Cotton is also very sexist and borderline racist, often referring to Japanese and Japanese Americans as Tojos. However, he seems to have no ill will to people of Chinese or Laotian background. He also refers to Nazis as "Nazzys".

Though Cotton is rude, obnoxious, politically-incorrect, and critical of Hank and Peggy, Cotton is a very protective and loving father and grandfather. While Cotton believes cruelty is the best way to ensure Hank becomes strong, he is kind, protective and supportive to Bobby and his friends. This is the most closest Cotton gets to showing his softer side.

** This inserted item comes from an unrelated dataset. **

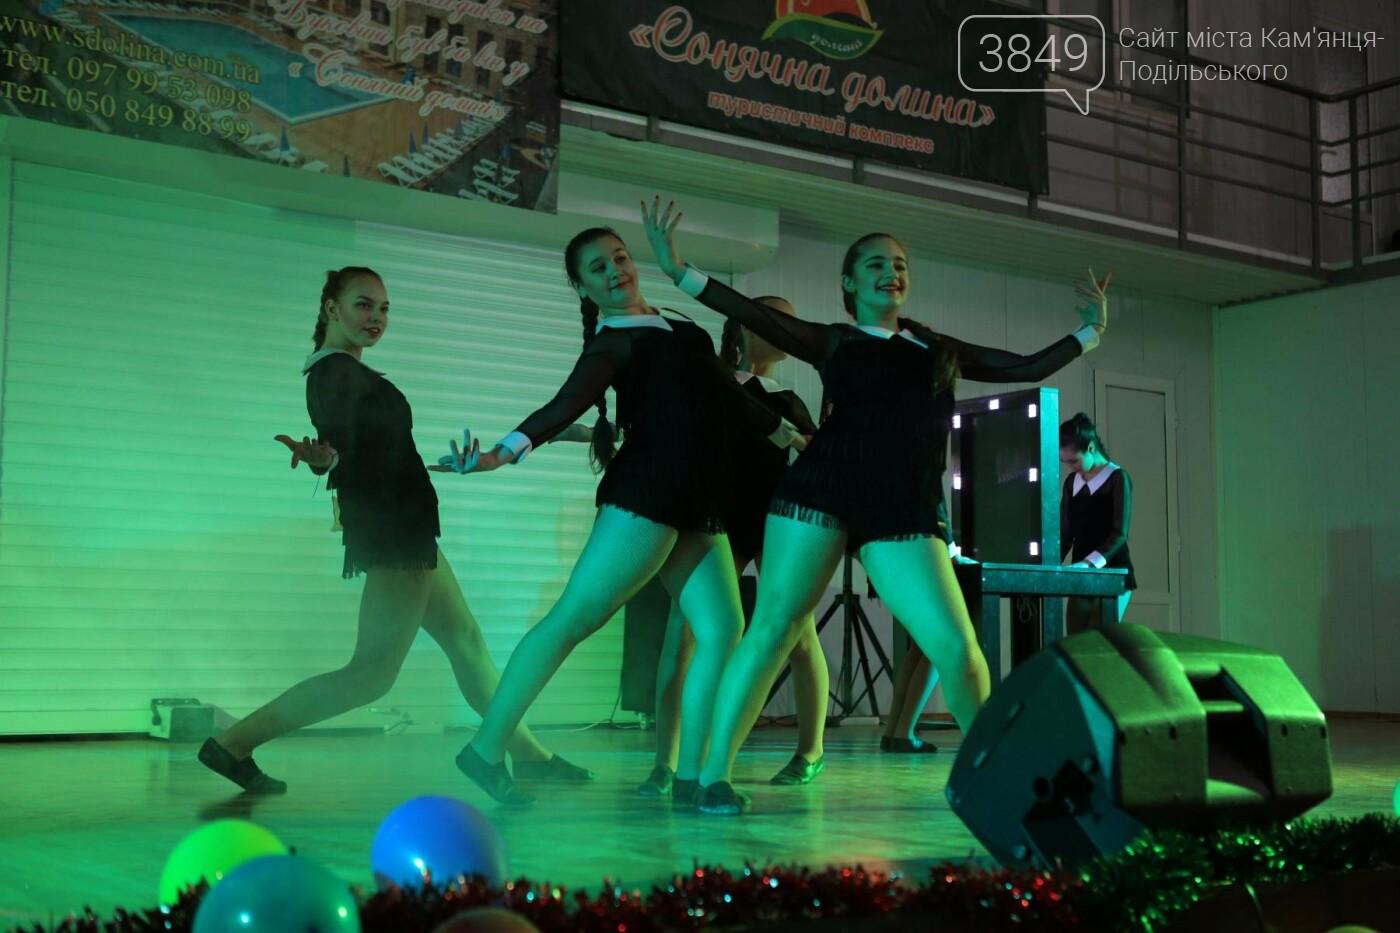 Танцювальний колектив із Кам'янця став лауреатом I премії на Міжнародному фестивалі, фото-6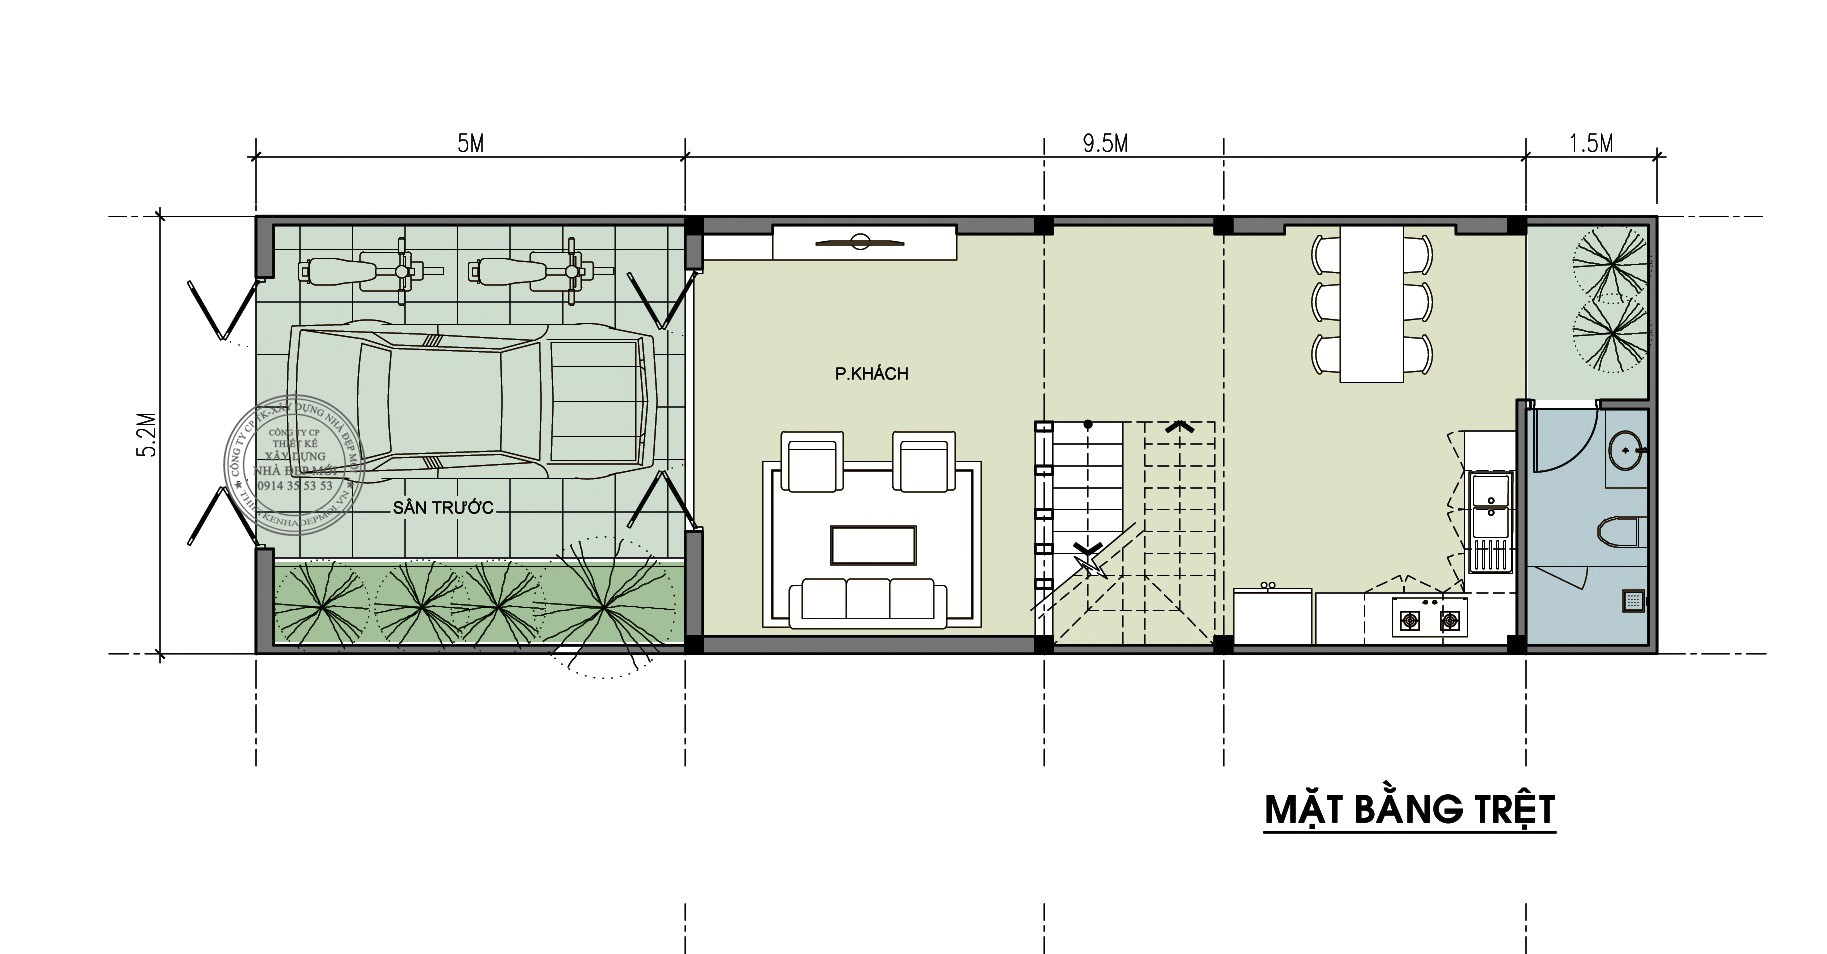 Mẫu nhà phố 1 trệt 2 lầu 1 sân thượng-2

On rare occasions, Cotton shows a vulnerable side that he normally keeps hidden: He realizes he was a terrible father and person, hates himself for growing old and becoming disabled, and readily admits that he would die to protect Bobby ("Revenge of the Lutefisk").

In his final appearance in "Death Picks Cotton," Cotton tells Hank on his deathbed that he knows he was hard on him his whole life, but it was not because he hates him. However, when Hank admits to his father that he loves him, Cotton berates him for this.